Pianist Lundgren is perfectly composed within the confines of Lundgaard's Swiss timekeeping. His solos, such as "Swing in F," are informed and carefully conceived, filled with drama and relaxed suspense. This band shares a great empathy with Hamilton, who responds, in kind, with some of his warmest tenor playing. "You Can't Be In Love With A Dream" is downright creamy and rich, Hamilton playing with a breathy expectation. An audio dictionary would play this recording as an example of jazz; it is the very best of traditional mainstream.

John Escreet
Sabotage and Celebration
Whirlwind Recordings
2013

Pianist John Escreet is one of a group of progressive jazz artists redefining jazz performance. This group includes alto saxophonist David Binney, pianist Taylor Eigsti, and vocalists Gretchen Parlato, Becca Stevens, and Rebecca Martin, among many others. These musicians are intent on leaving a very definite mark on jazz as it enters its second one-hundred years. Escreet's music has been the subject of many reviews at All About Jazz including his most recent releases, Don't Fight The Inevitable (Mythology Records, 2010), The Age We Live In (Mythology Records, 2011), and Exception To The Rule (Criss Cross, 2011). He is a restless sort of musician, trying many things at once before choosing a direction for a project.

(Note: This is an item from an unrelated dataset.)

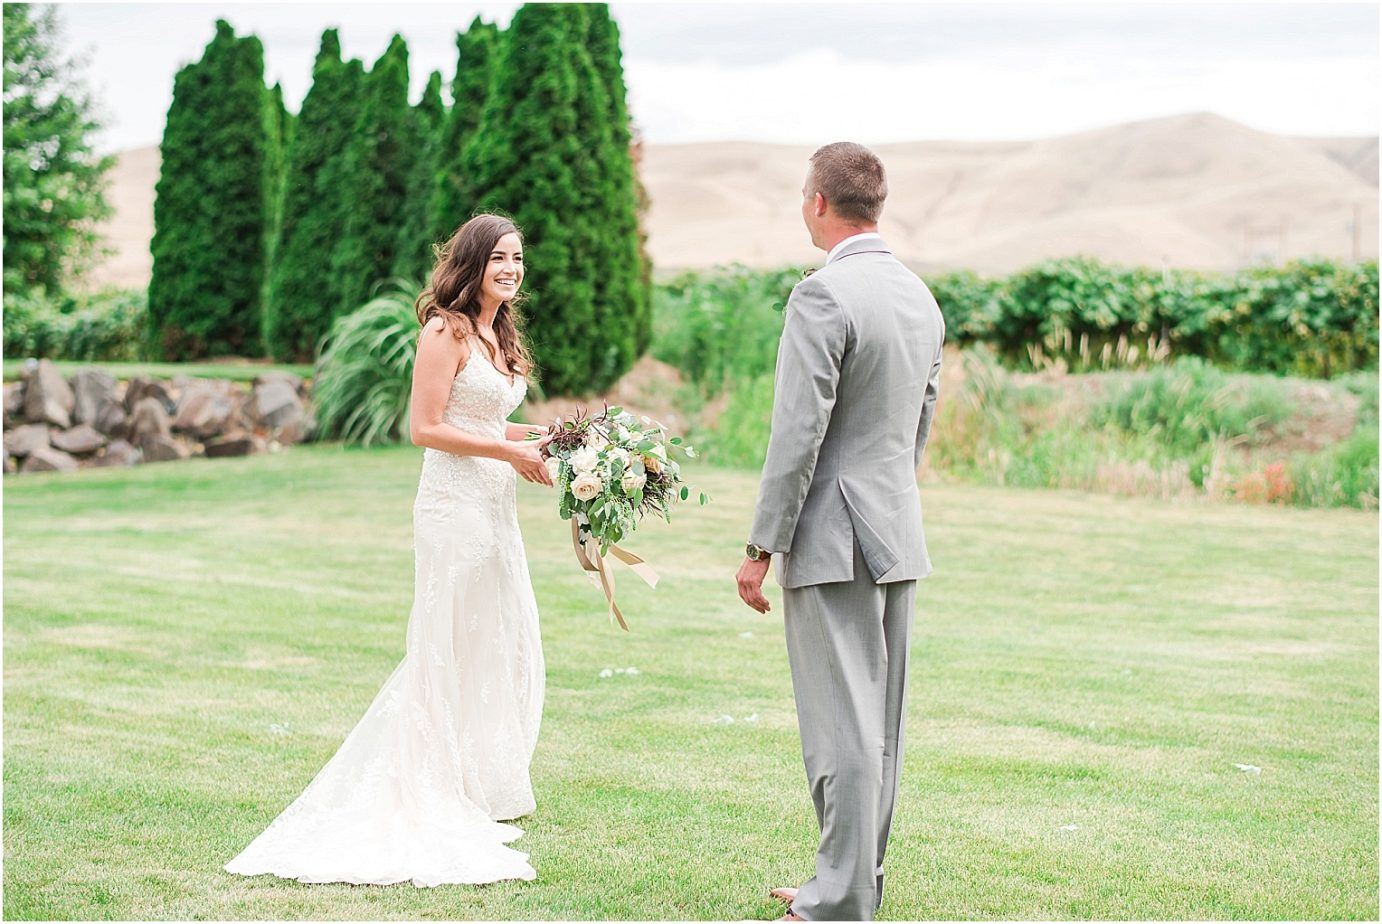 Romantic backyard wedding prosser photographer calvin and kelly first look

On Sabotage and Celebration, another recording of seven selections, Escreet travels from the abstract classical on "Axis of Hope" through the breezy and balladic "He Who Dares" with its craggy head and solid rhythm to the pure chaos of the middle section of the lengthy title composition, tenor saxophonist Chris Potter playing his best John Coltrane on ecstasy while Escreet weaves in and out of Don Pullen by way of Cecil Taylor. Iconoclastic drummer Jim Black plays, well, iconoclastically. "Beyond Your Wildest Dreams" features the ubiquitous David Binney on alto and soprano saxophones as well as the same string section opening the recording. It is a cogent and edgy platform for Binney to wail. Escreet's innate restlessness will insure more compelling music like this.


Tracks and Personnel

Swedish Ballads...and More

Tracks: Dear Old Stockholm; Swing in F; You Can't Be In Love With A Dream; Trubbel; Stockholm Sweetnin'; Min Soldat (My Soldier); Bluesioktaver.

Personnel: Scott Hamilton: tenor saxophone; Jan Lundgren: piano; Jester Lundgaard: bass; Kristian Leth: drums.

Sabotage and Celebration

Tracks: Axis of Hope; He Who Dares; Sabotage and Celebration; The Decapitator; Laura Angela; Animal Style; Beyond Your Wildest Dreams.

Personnel: John Escreet: keyboards; David Binney: alto and soprano saxophones (7); Christ Potter: tenor saxophone; Matt Brewer: bass; Jim Black: drums; Adam Rogers: guitar (5, 7); Louis Cole, Genevieve Artadi, Nina Geiger: vocals (7); Fung Chern Hwei: violin; Annette Homann: violin; Hannah Levinson: viola; Mariel Roberts: cello; Garth Stevenson: double bass; Shane Endsley: trumpet; Josh Roseman: trombone.